All lines below between the line with "Friend of Hooniverse" and the line with "Hollister Low Rise Boyfriend Denim Shorts", including both, must be copied exactly, and the pictures must be omitted.

## Records provided
***

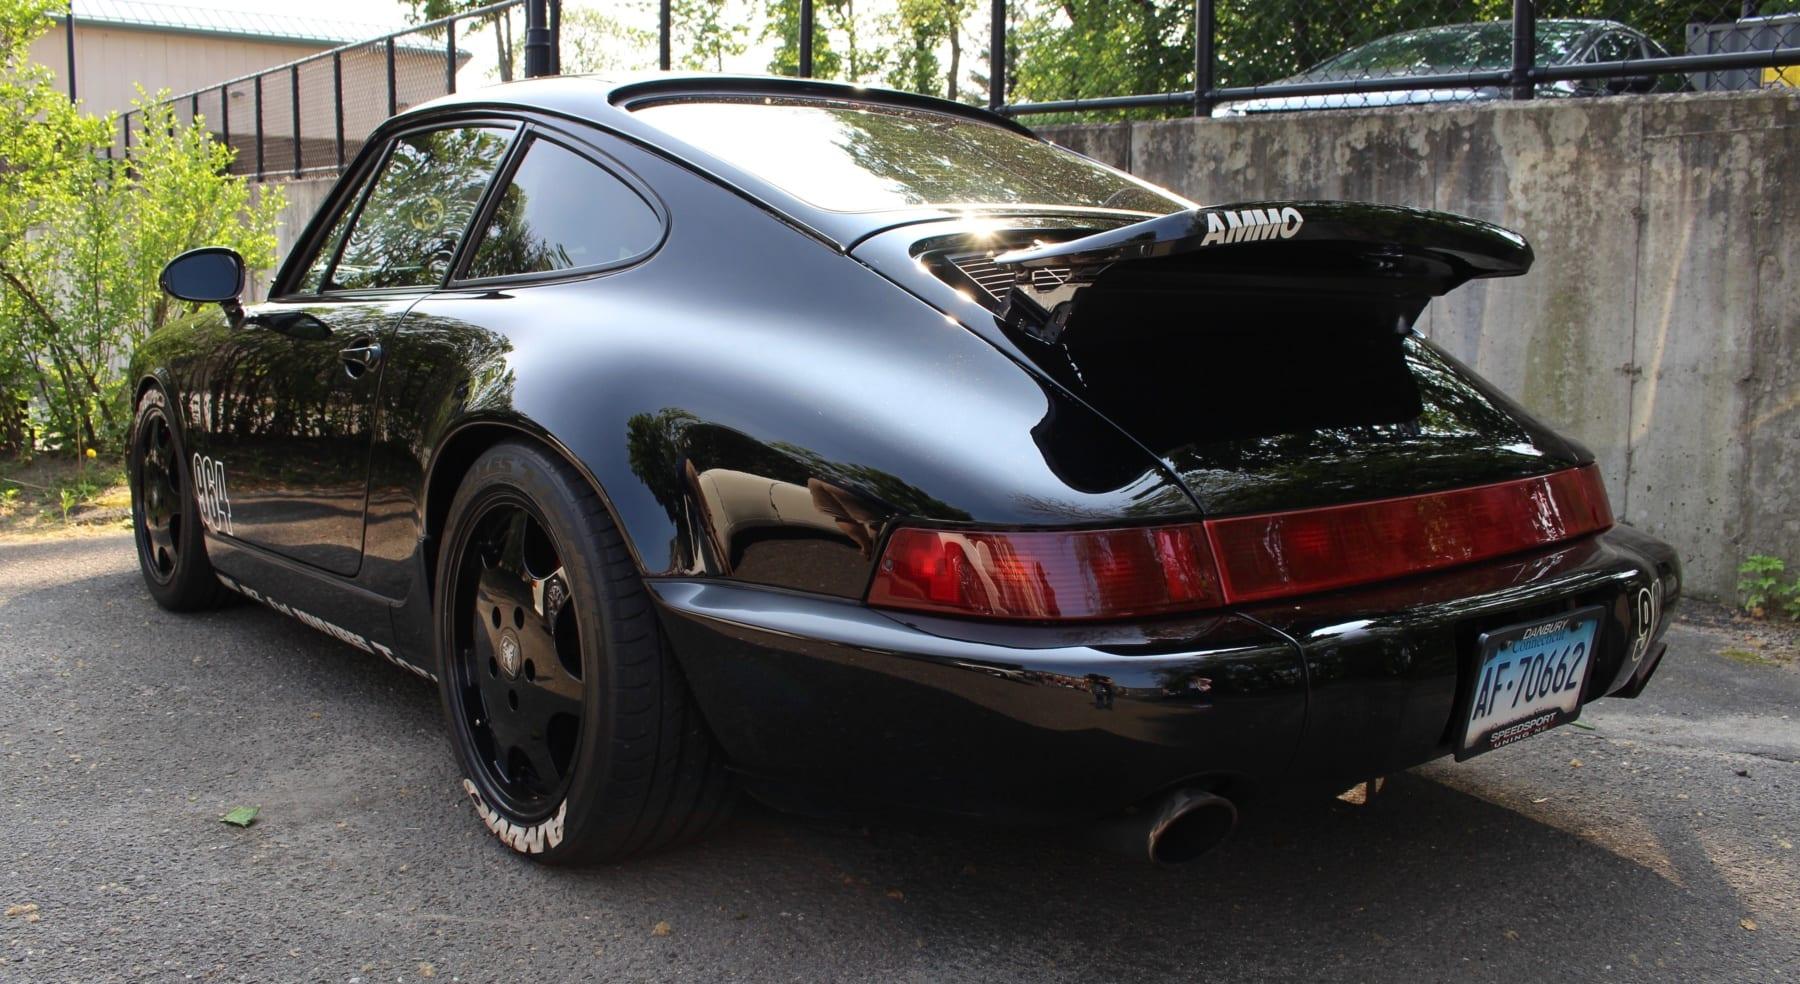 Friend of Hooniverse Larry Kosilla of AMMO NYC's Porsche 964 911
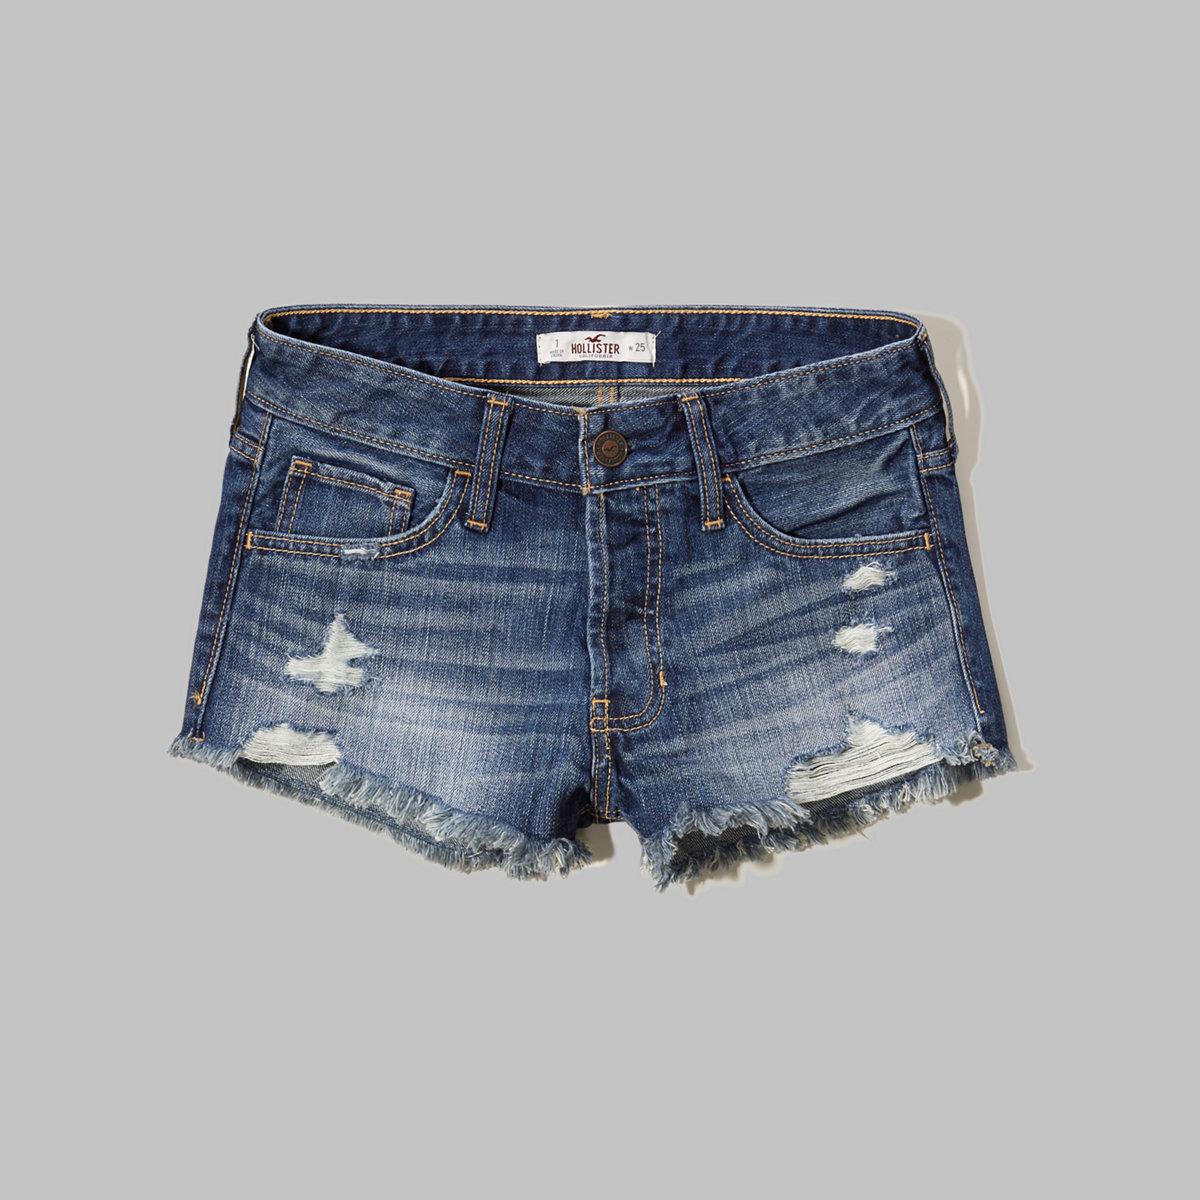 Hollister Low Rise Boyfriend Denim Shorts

***

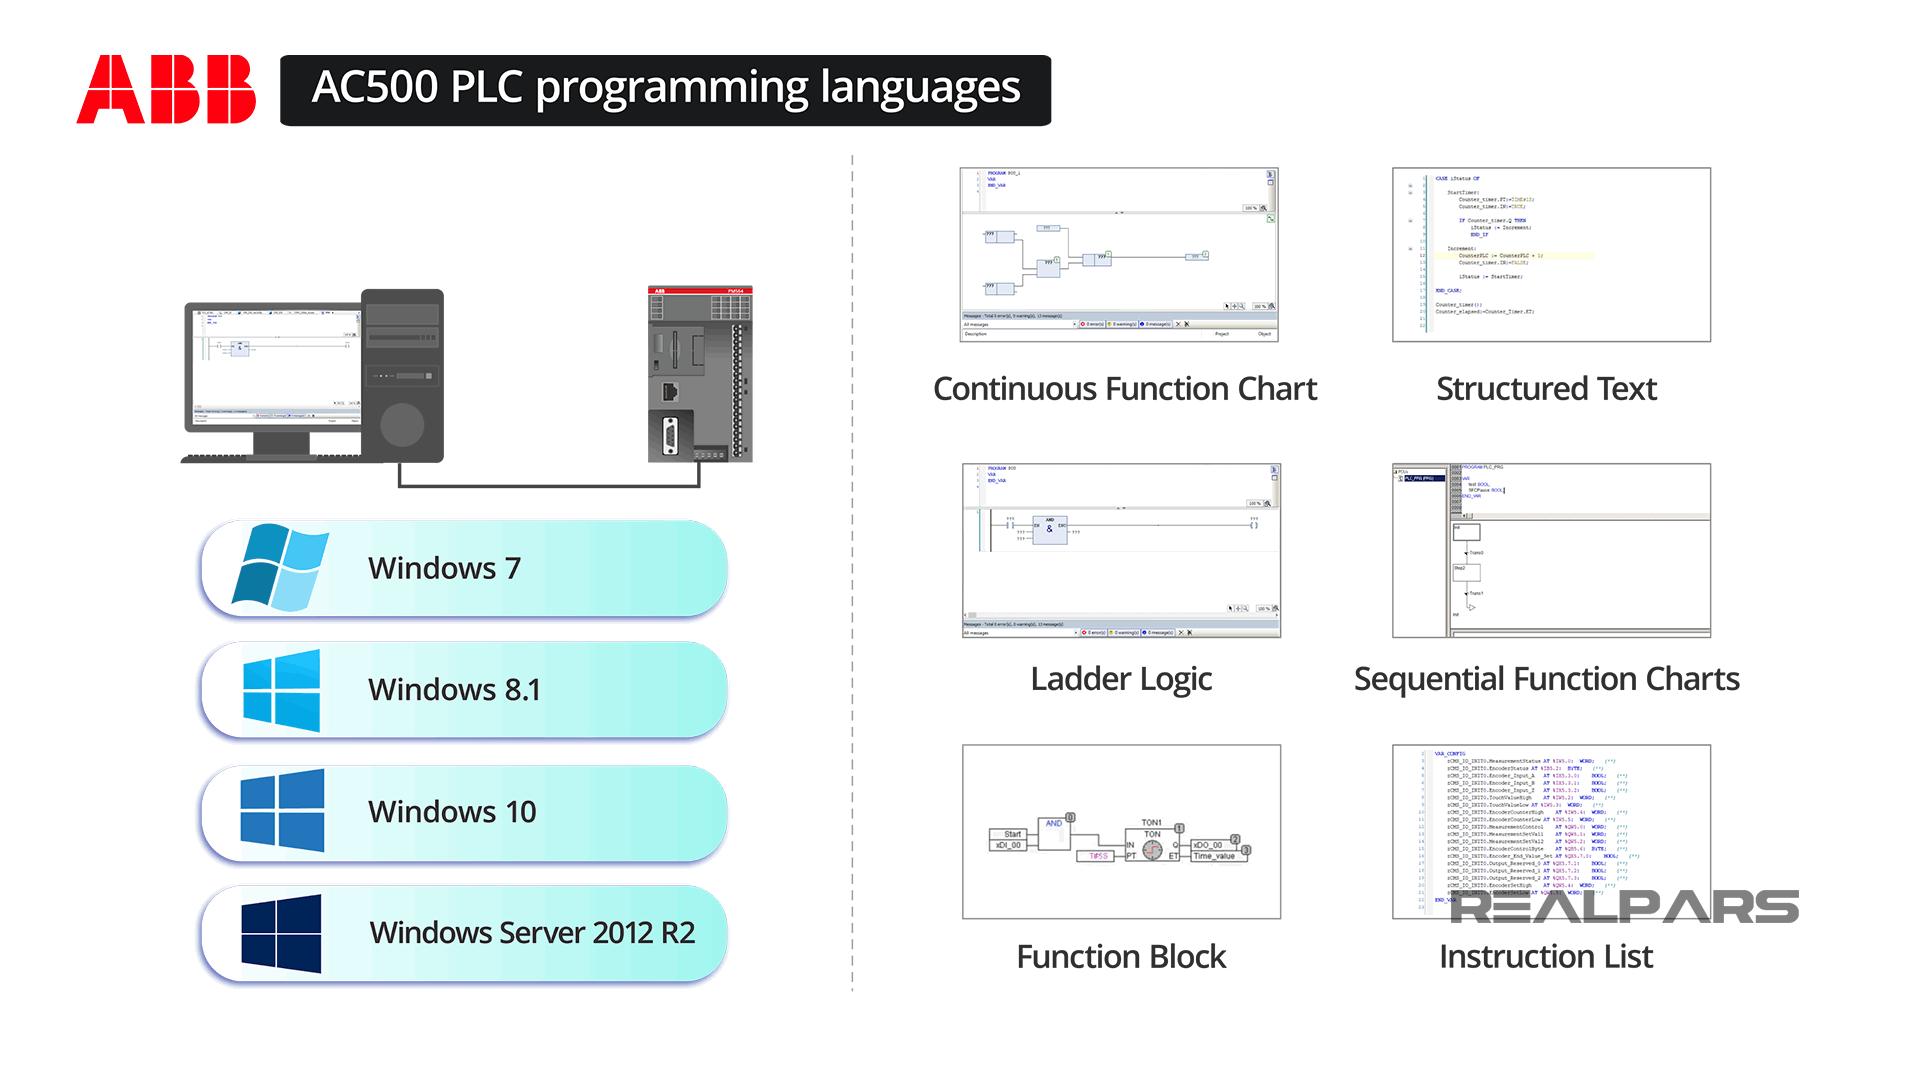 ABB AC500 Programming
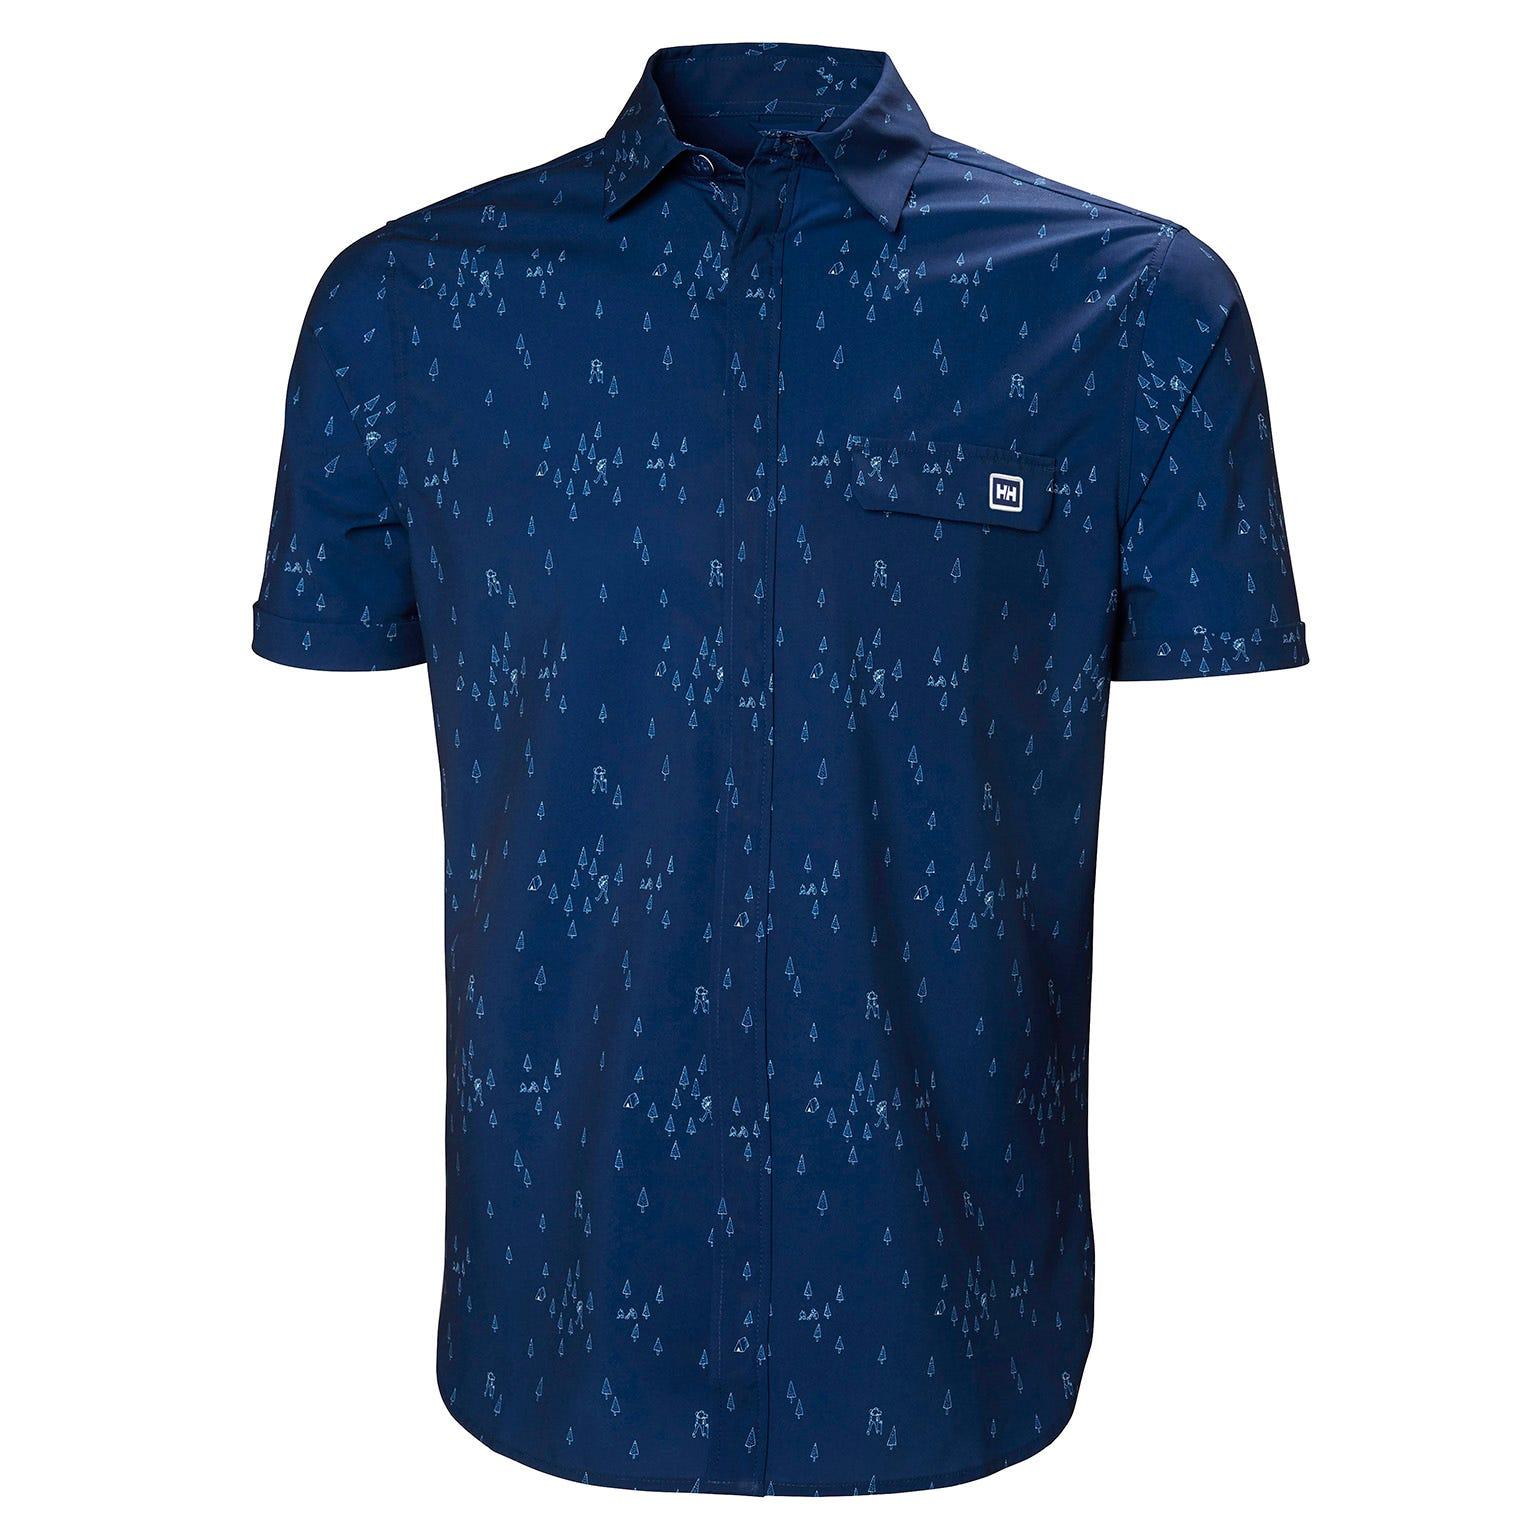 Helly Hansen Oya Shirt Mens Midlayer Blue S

***

## Answer for this exercise
 Friend of Hooniverse Larry Kosilla of AMMO NYC's Porsche 964 911
 Hollister Low Rise Boyfriend Denim Shorts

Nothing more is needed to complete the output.